WHEN word arrived that Brad Pitt and Angelina Jolie were expecting a child — news that set off an inescapable frenzy of anticipation for what would certainly be the most beautiful child ever — didn’t you have a sneaking thought that some recessive ugly genes could produce a baby who was “a little goofy looking,” as the artist known as 14 put it on her Web site? Sacrilege in the hype-driven world of movie-star news, that idea was the inspiration for great satire on 14’s Gallery of the Absurd, the best of many sites that skewer celebrity culture. She created an image of Brangelina and Child as the Holy Family, turning them into icons in the original Byzantine sense, complete with halos but with a child who looks a bit too much like Gollum from “Lord of the Rings.”
The artist known as 14 takes on Angelina Jolie, Brad Pitt and baby on the Gallery of the Absurd. The Tom Cruise parody valentine from the Gallery of the Absurd.
Smart celebrity satires are flourishing online — rarely anywhere else — and they do more than deflate the self-importance of stars. They also mock the gushing media that glorify them, and demonstrate that while taking tired potshots at stars is common (see any Britney-bashing episode of “Saturday Night Live” or “Mad TV”) satirizing TomKat or Brangelina so effectively that you expose the inane soul of celebrity culture itself is an art. In the form of artists’ blogs, fake news stories and tongue-in-cheek analyses of fame, together these sites function like an underground movement, subverting the cult of celebrity even as they feed off it.
In the last year or so that movement has gained in sophistication and has grown rapidly online, thriving there for some of the usual reasons: the Web is fast, cheap and plays to short attention spans, so it can afford inconsistent wit. More specifically, Web satire can be rude, with the freedom to address the most ludicrous rumors, the kind that make magazine editors and television producers (sometimes even the tabloid kind) skittish.
The fake articles on Postcards From the Pug Bus, which does for celebrity what “The Daily Show” does for politics, sound so authentic that Tom Cruise’s lawyer once demanded a retraction; his letter (reproduced on the site) insisted it was “false and defamatory” to say that Mr. Cruise “had a previous life, that he is old beyond reckoning, that he took his present form because ‘Bingodulla elected him to spread the gospel of Scientology.’ ”
Beneath such lunacy, these sites provide trenchant criticism of celebrity culture by turning the mainstream approach inside out. More than ever, stars have become the touchstones of everyday life, which accounts for the media obsession with their marriages and families. The reverent approach of People, Us Weekly and television infotainment like “Access Hollywood” and “Entertainment Tonight” depends on the illusion that the famous are Just Like Us (the title of a regular Us Weekly section, showing stars walking their dogs or eating ice cream cones).
Satirists recognize those starry images to be grotesque exaggerations of the ordinary. By making fun of the celebrities’ delusions, missteps and puffed-up attitudes (flying a Los Angeles obstetrician to Namibia?), they show how distant the famous are from everyday life.
The caricatures that 14 posts weekly on Gallery of the Absurd (galleryoftheabsurd.com) display the qualities that make celebrity satire work. Her inventive Tom Cruise valentine, which playfully attacks the star and his spin, exaggerates his love-besotted public displays, depicting him as a grinning little guy wearing silly platform shoes, surrounded by cute valentine hearts. And it exposes the distance between that calculated image and what so much of the public thinks by adding Devil’s horns and picking up on the widespread rumor of a TomKat legal agreement.
“BE MINE. ALL MINE!!!” the valentine reads, “But first you must sign this contract” (with a pen that has an alien’s head) and “become a Scientologist.” As the sardonic text accompanying the caricature reads, “Nothing says love like signing a $5 million contract agreement to pose as a loving companion to a tiny man with a very large ego.”

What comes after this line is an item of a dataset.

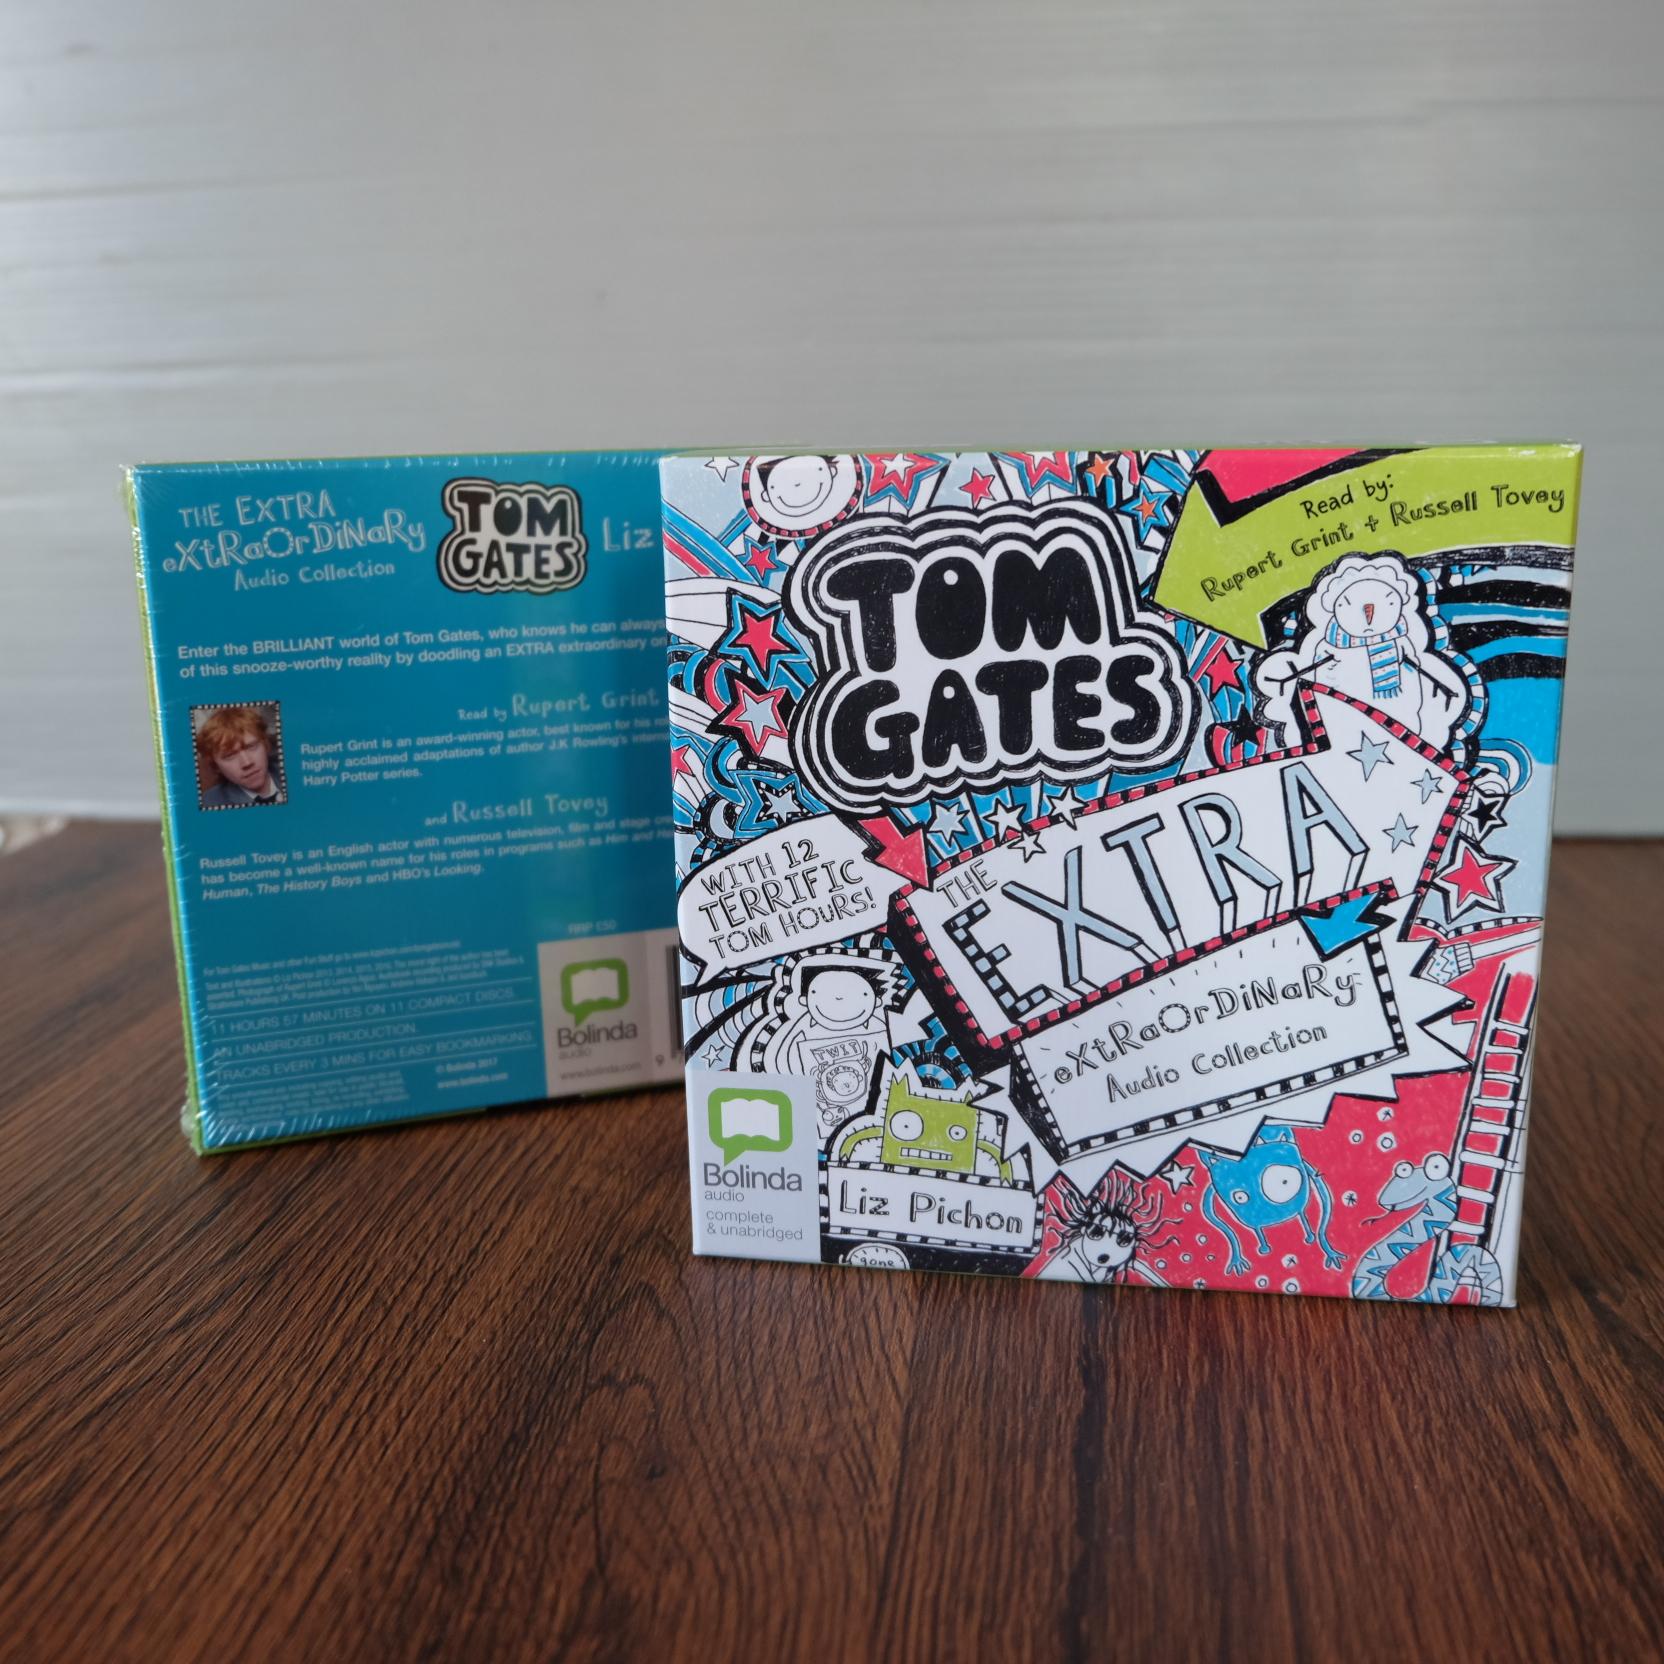 หนังสือเสียงภาษาอังกฤษ มือหนึ่ง สำหรับวัยเจ็บขวบขึ้นไป Tom Gates The Extra Extraordinary 12ชม.ในcd11แผ่น 1300รวมอีเอมเอส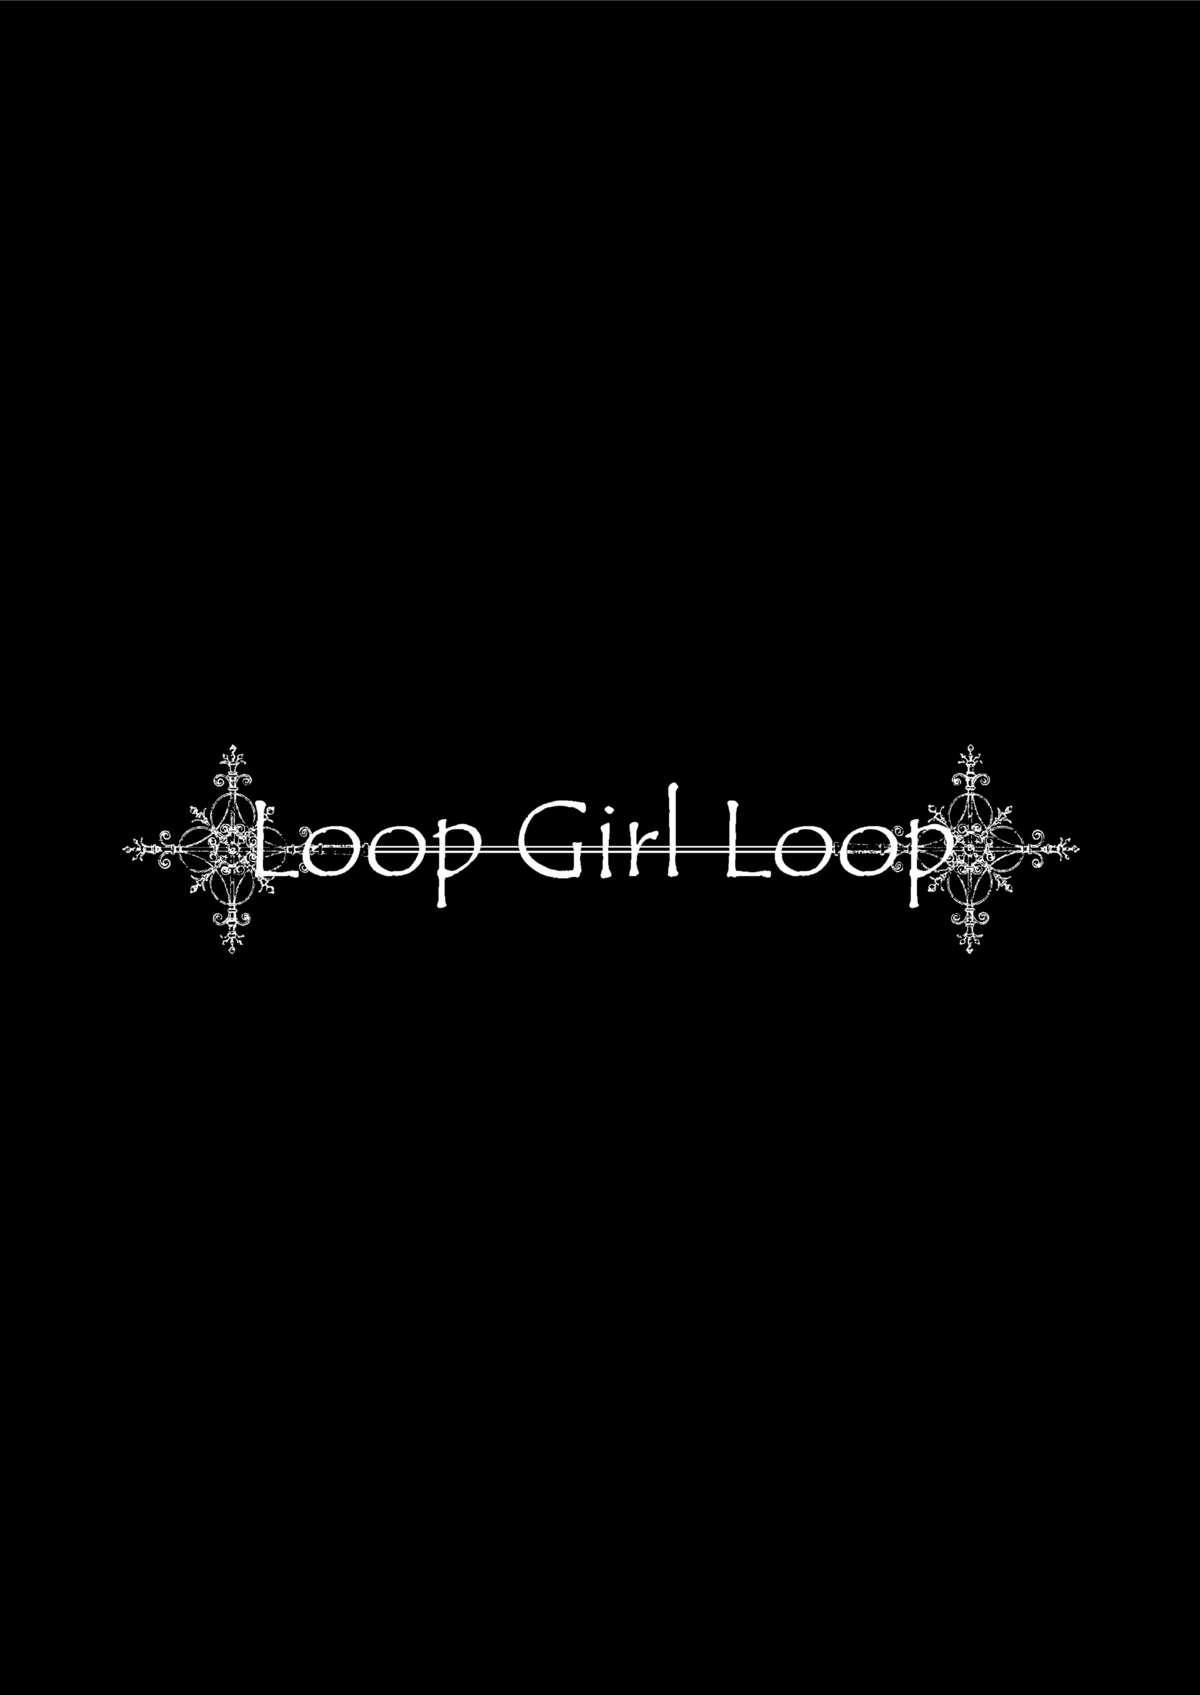 LOOP GIRL LOOP 2

An artist in her late 30’s who uses her real name, Erin Norlin, in her day job as an illustrator, 14 started the site in May 2005. It now gets 17,000 to 20,000 hits a day, she says; a line of Gallery of the Absurd greeting cards, including the Cruise valentine, can be e-mailed from hipstercards.com. “When I look at Star magazine or at Us, it’s like looking at a comic book,” she said in a phone interview. “I’m interested in the characters that gossip turns these celebrities into.”
That attitude — rejecting even the illusion that these celebrity-figures are any more real than holograms — goes to the heart of why celebrity satire is trickier to pull off than political satire, which seems to be everywhere. Pug Bus (pugbus.net) began as a political satire blog after the 2004 election, said its founder, Phil Maggitti. A retired freelance writer and editor, at 63 he is as far from the typical Web demographic as you can get.
He stumbled into the celebrity niche after writing a fake news article about Brad Pitt. “I discovered that bashing the president didn’t get you as many hits,” he said. Although the site still has political satire, its traffic (5,500 visitors a day in September) is “almost entirely driven by celebrity,” he added.